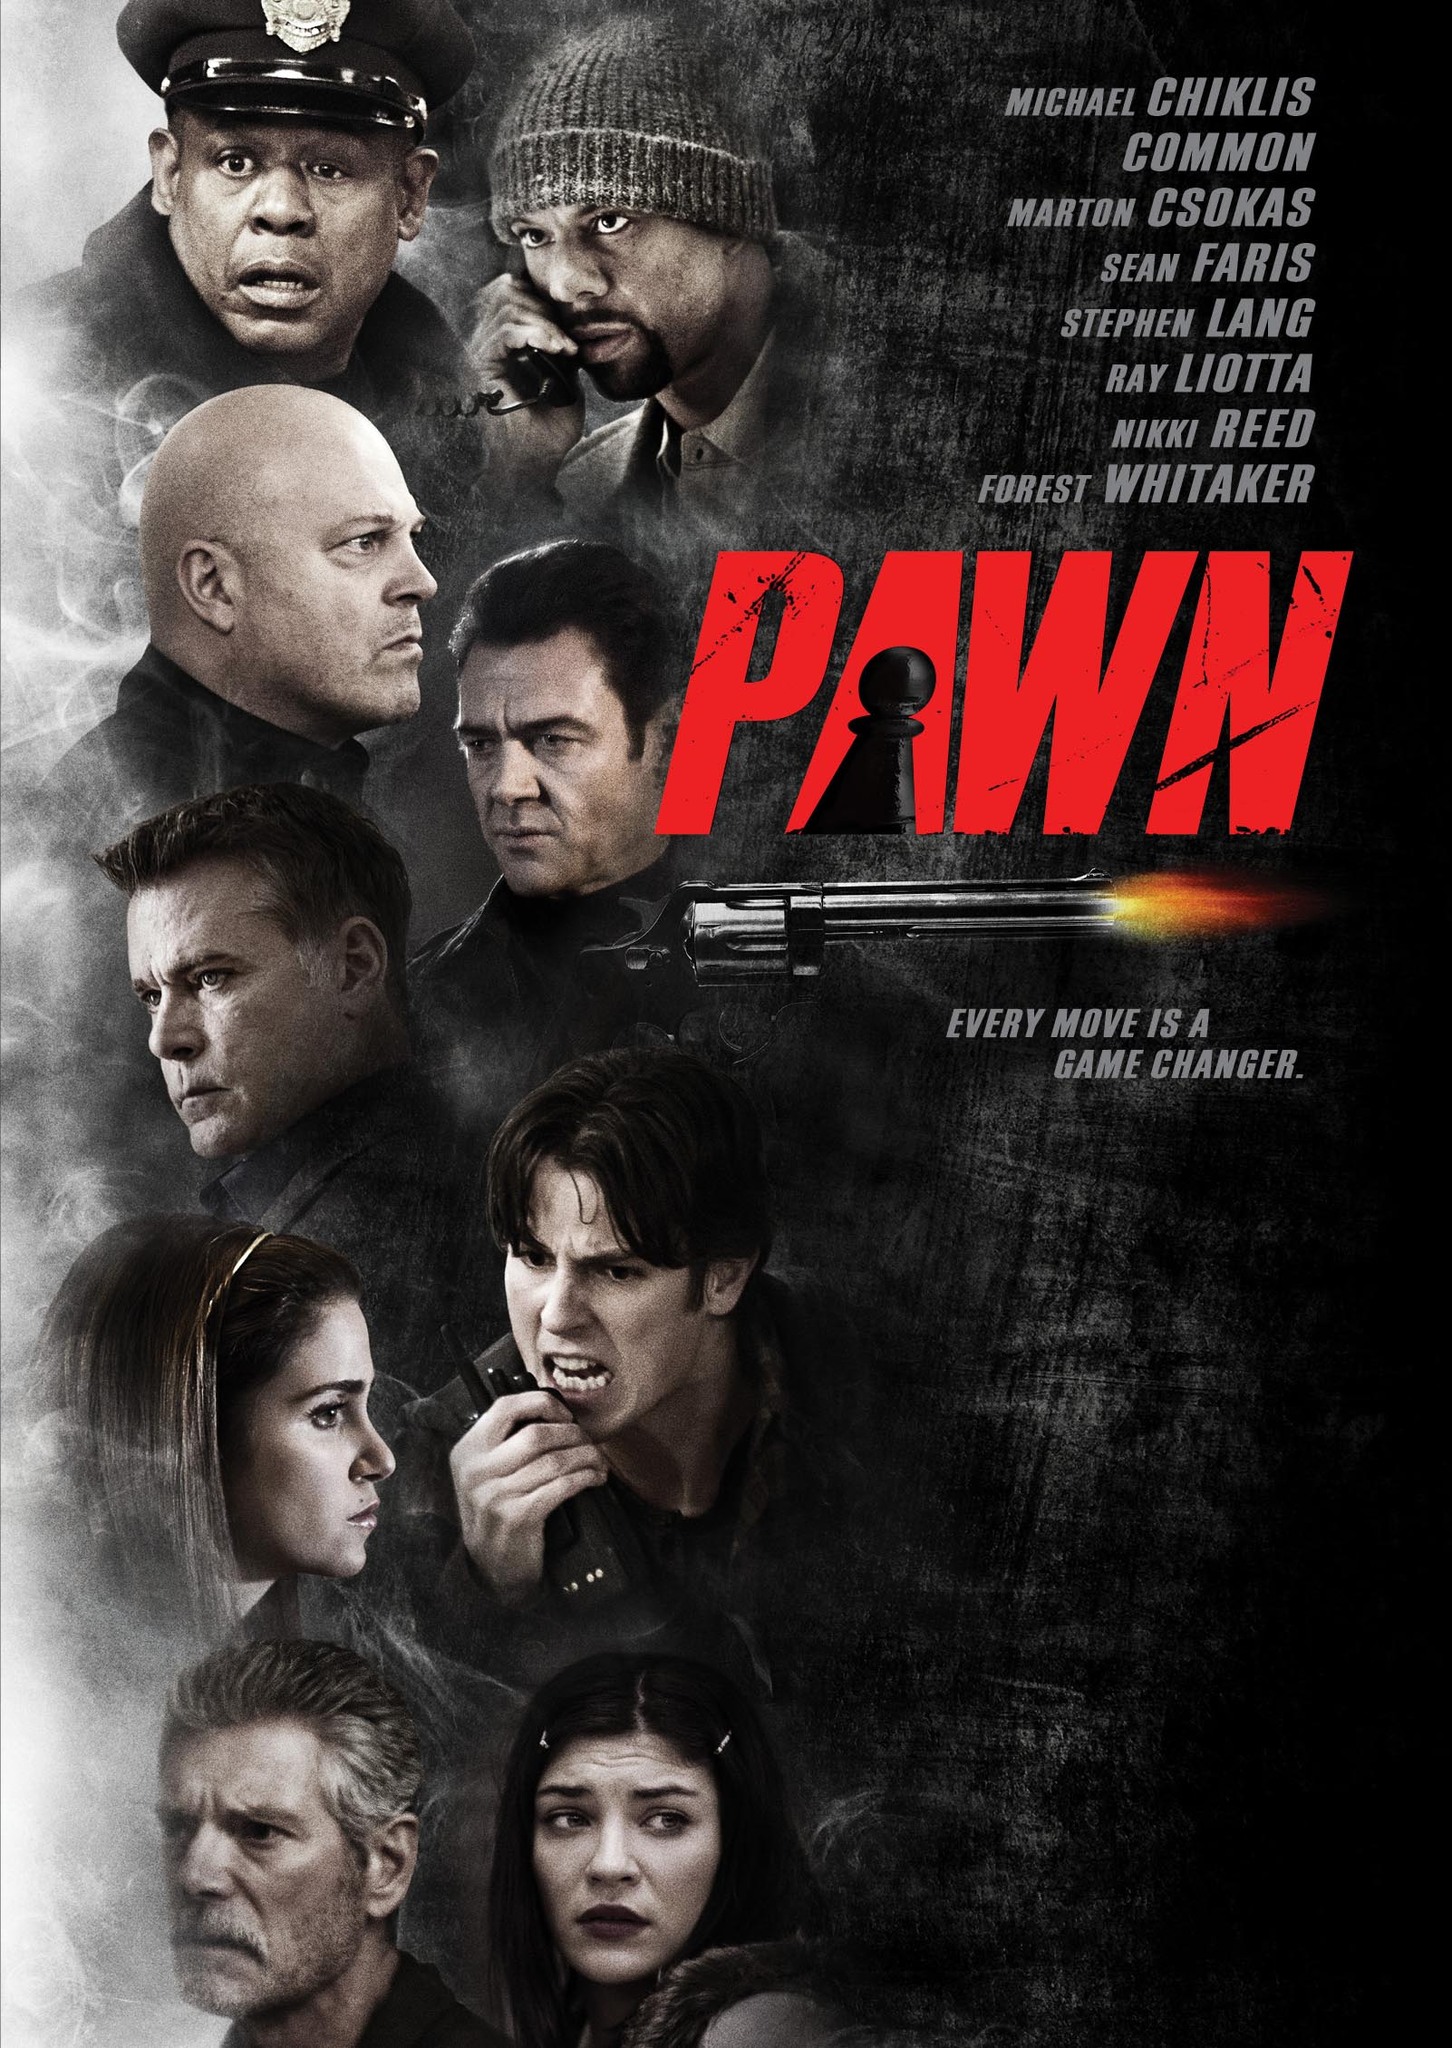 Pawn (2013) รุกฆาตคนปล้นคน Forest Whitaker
● ● ● ●
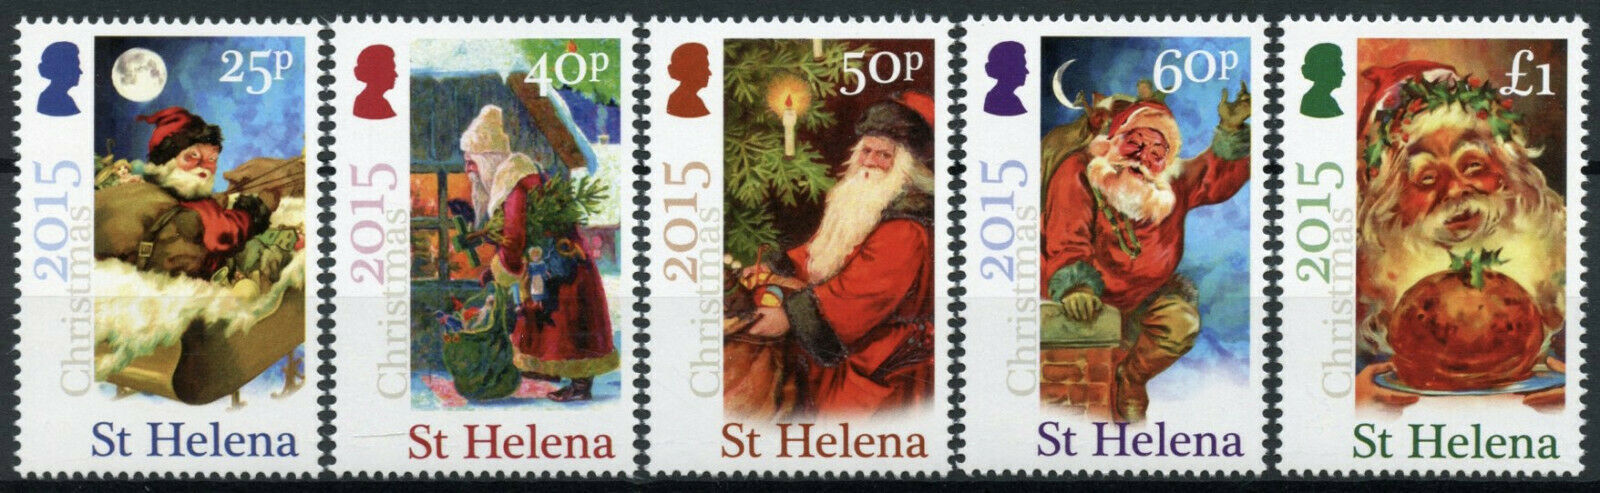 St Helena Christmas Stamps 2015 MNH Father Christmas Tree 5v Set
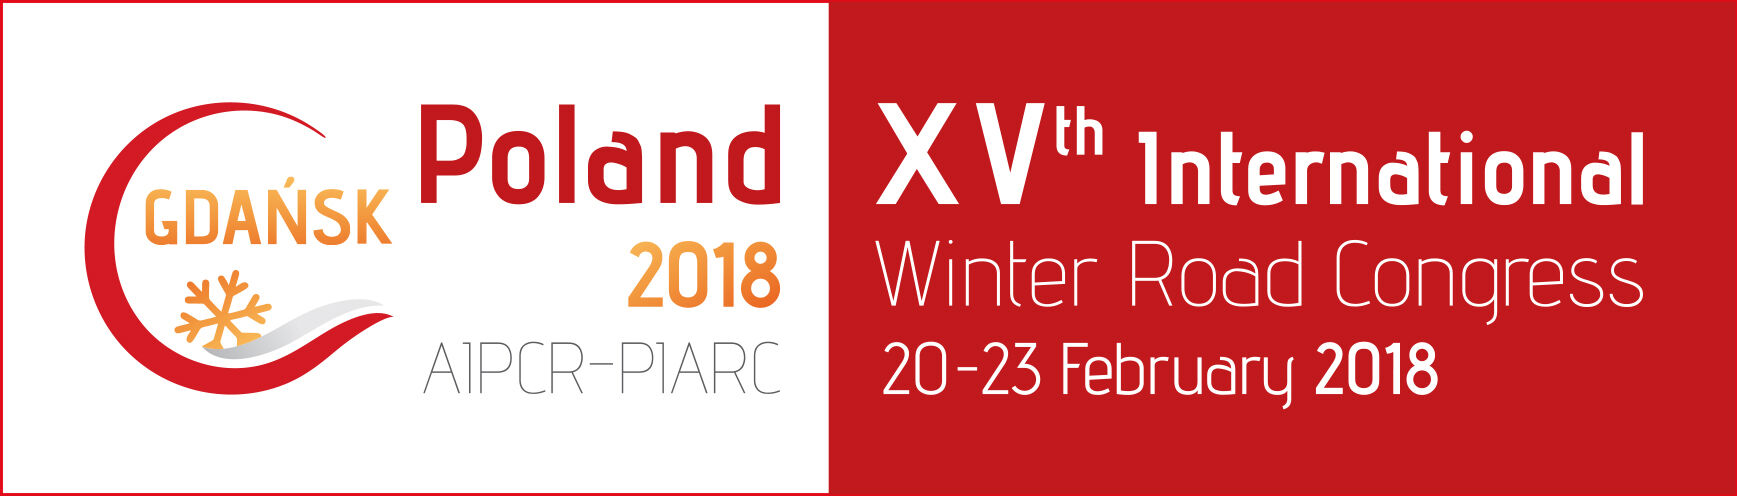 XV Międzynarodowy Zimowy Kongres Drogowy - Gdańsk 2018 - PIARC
● ● ● ●
Within these entries, output exactly the lines starting at the one with "St Helena Christmas" and finishing at the one with "XV Międzynarodowy Zimowy". Leave pictures out of the output.

### OUTPUT OF THE TASK
 St Helena Christmas Stamps 2015 MNH Father Christmas Tree 5v Set
 XV Międzynarodowy Zimowy Kongres Drogowy - Gdańsk 2018 - PIARC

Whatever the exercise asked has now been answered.